* Given data
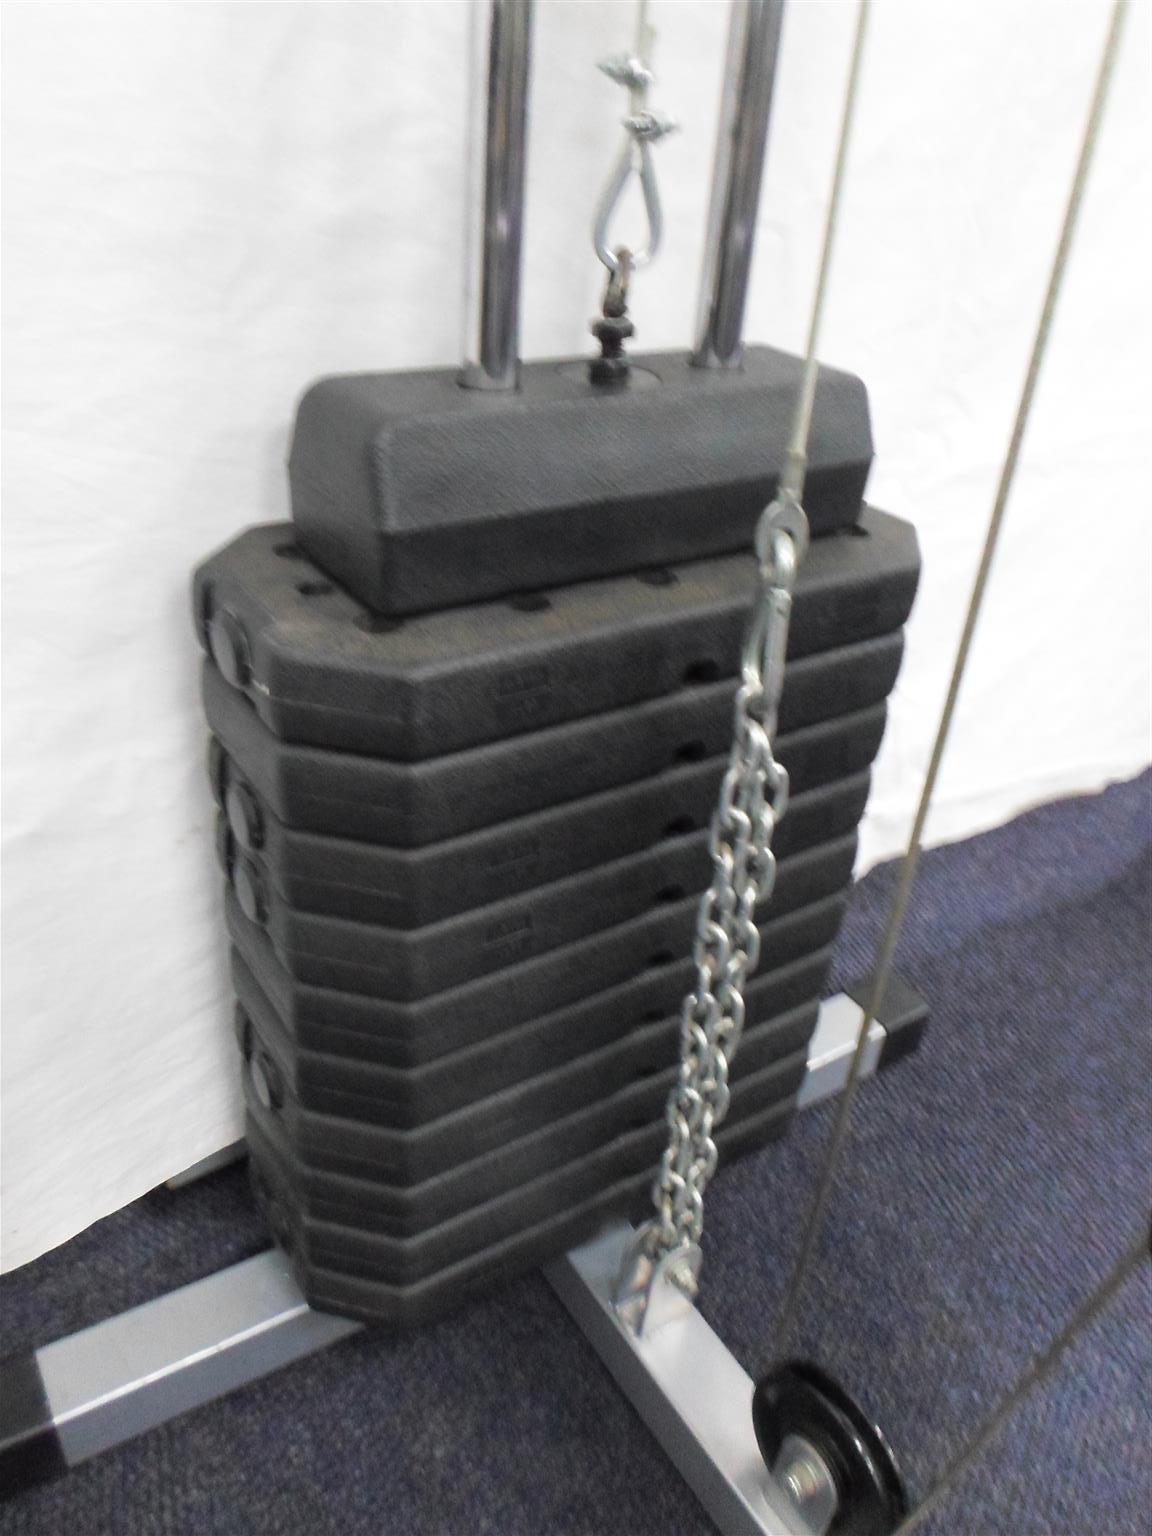 Trojan Dominator Home Gym
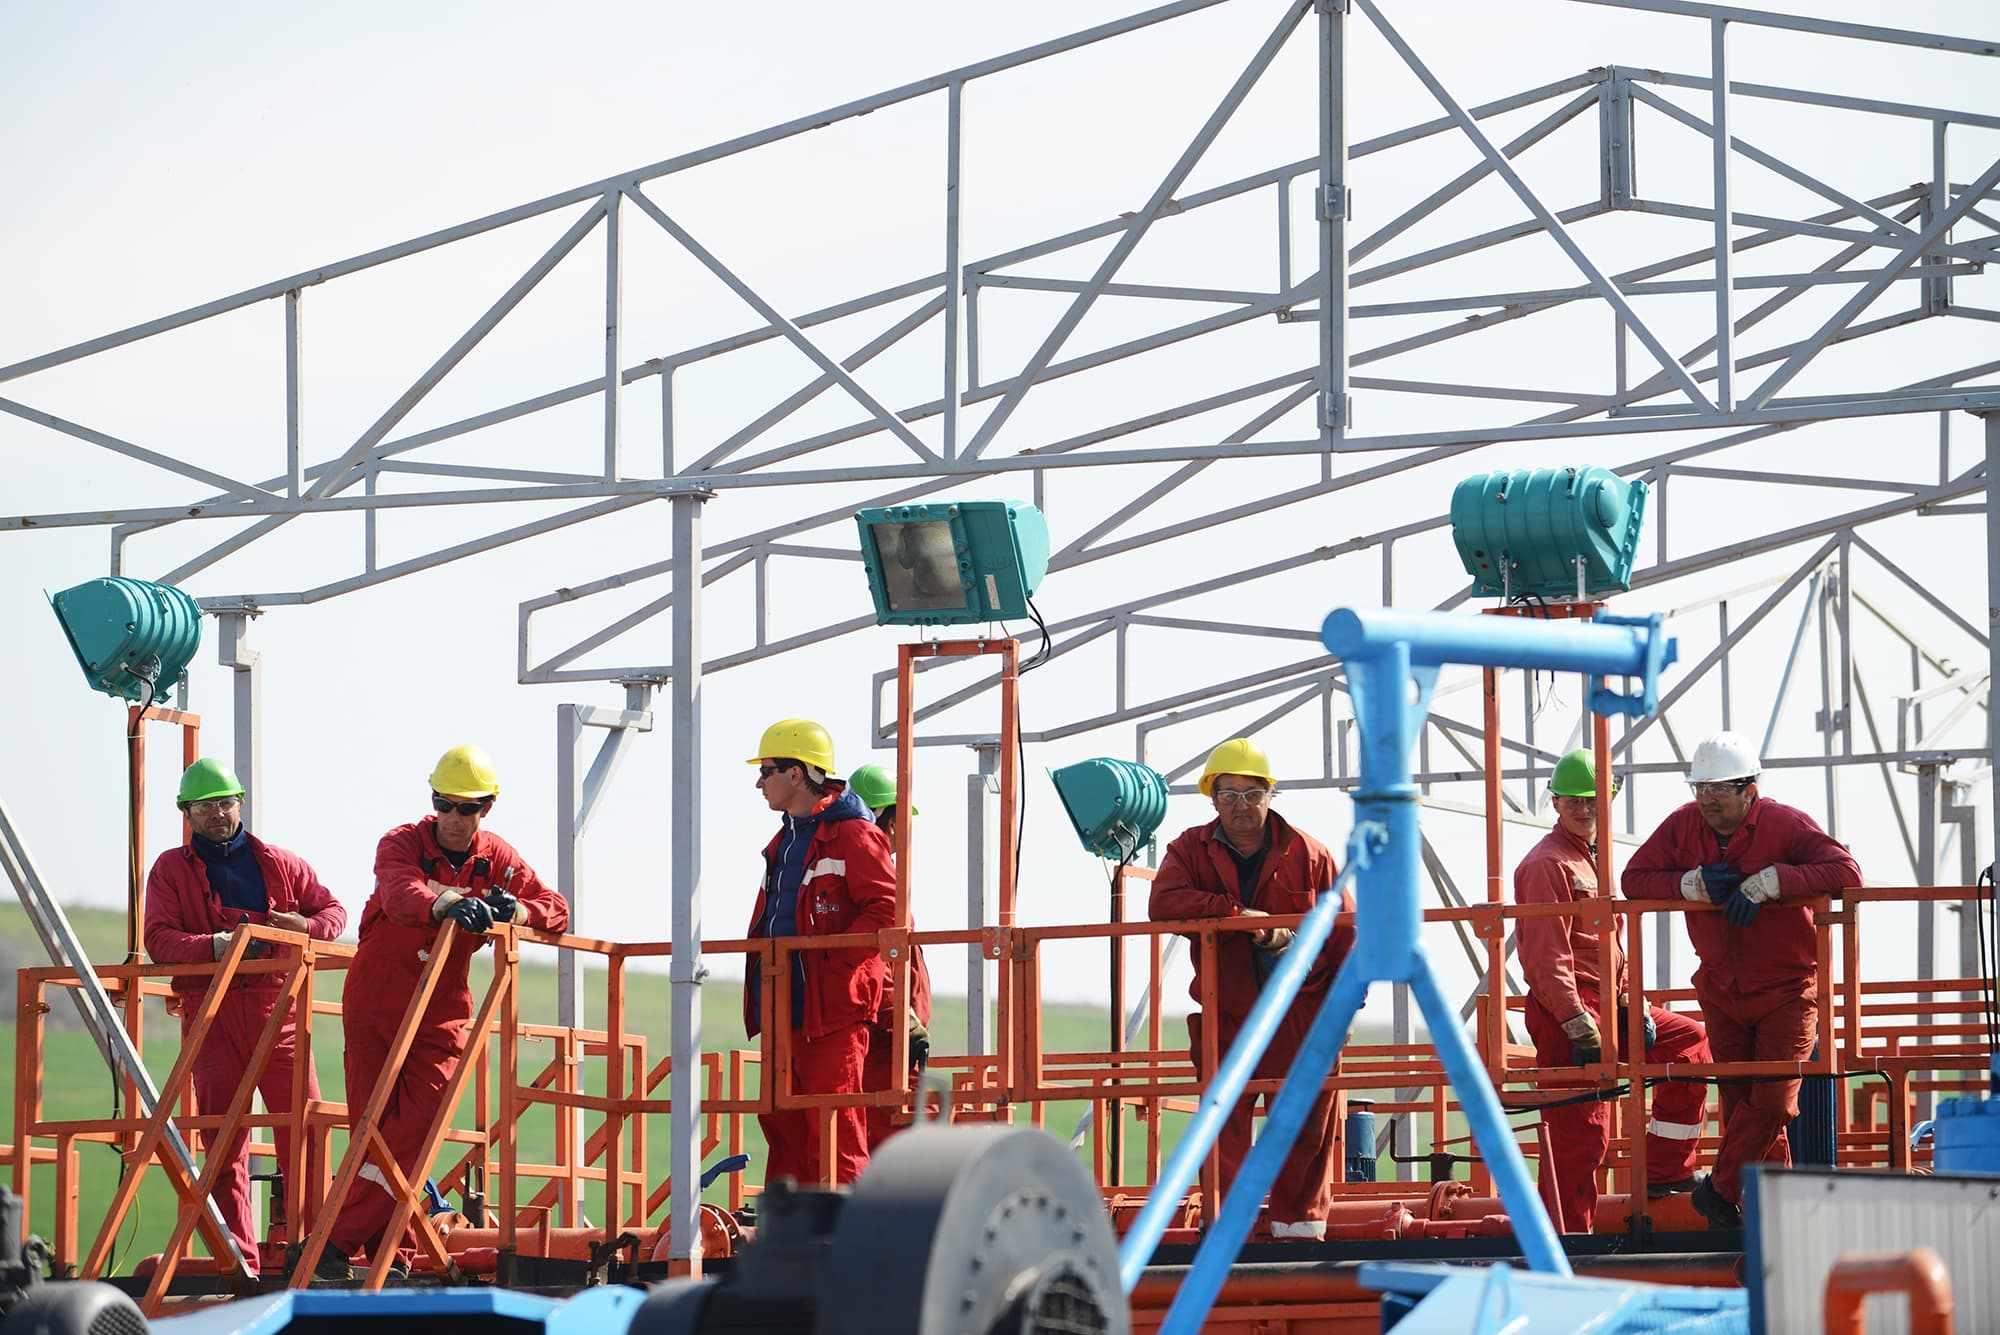 chevron oil results profit recovery
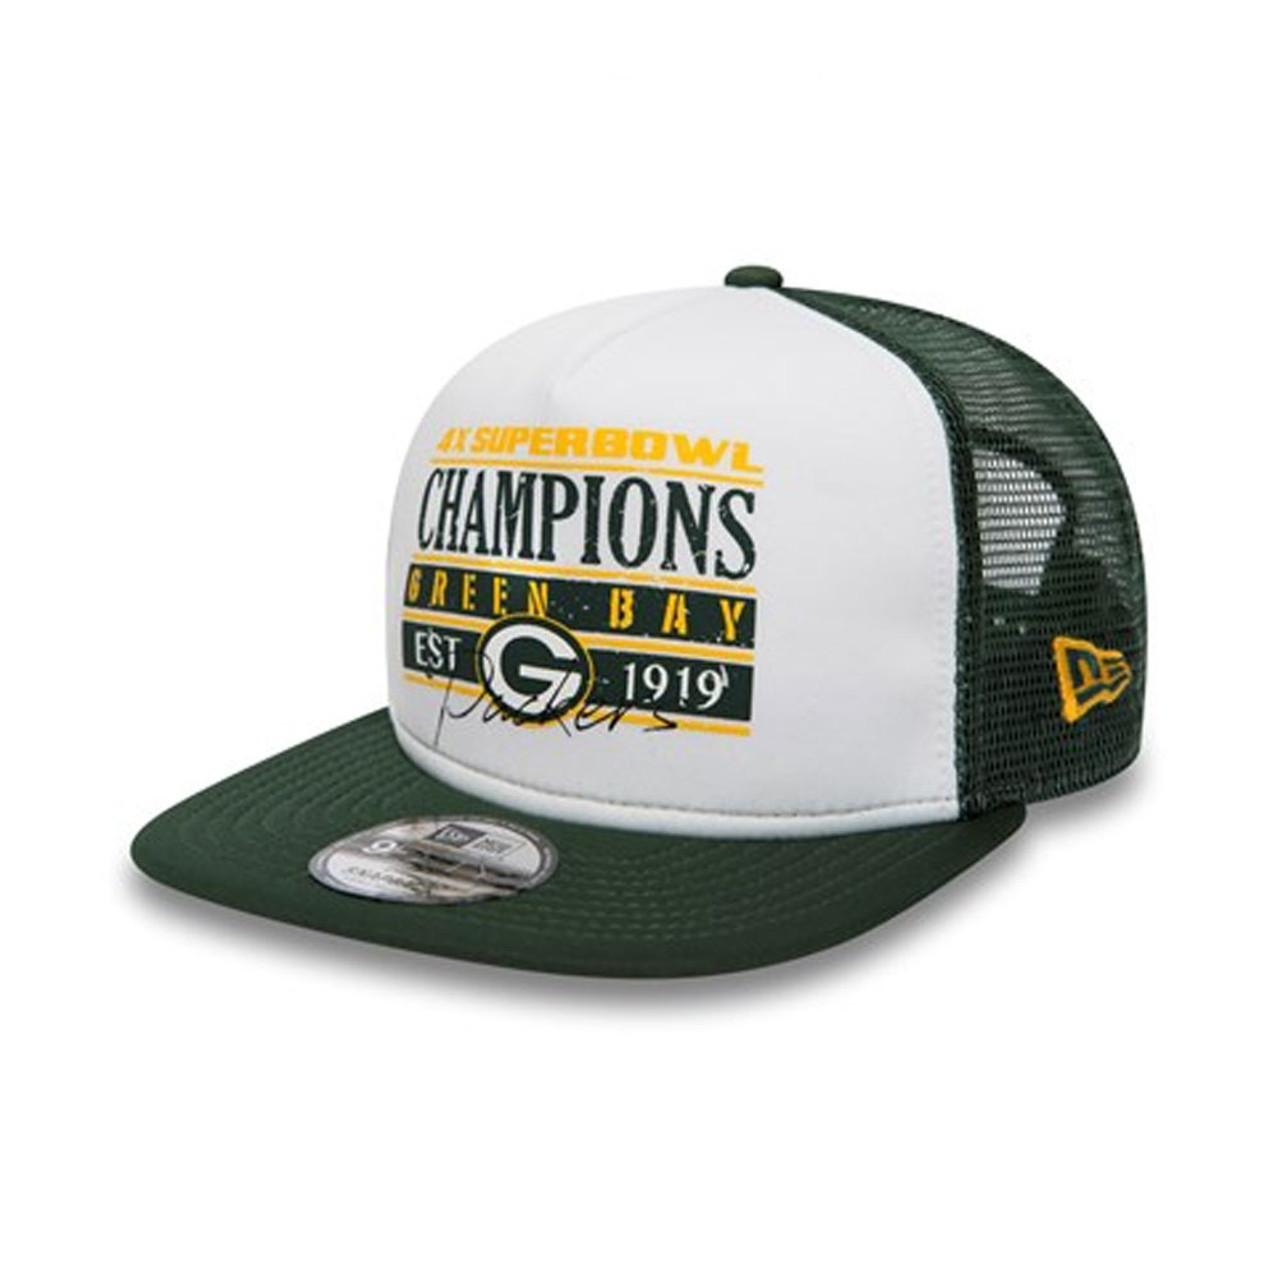 18755d25 NEW ERA Green Bay Packers Trucker cap small/medium [white/green]

* What you are asked to do
Leave out the pictures; repeat the data exactly.

* Reply
 Trojan Dominator Home Gym
 chevron oil results profit recovery
 18755d25 NEW ERA Green Bay Packers Trucker cap small/medium [white/green]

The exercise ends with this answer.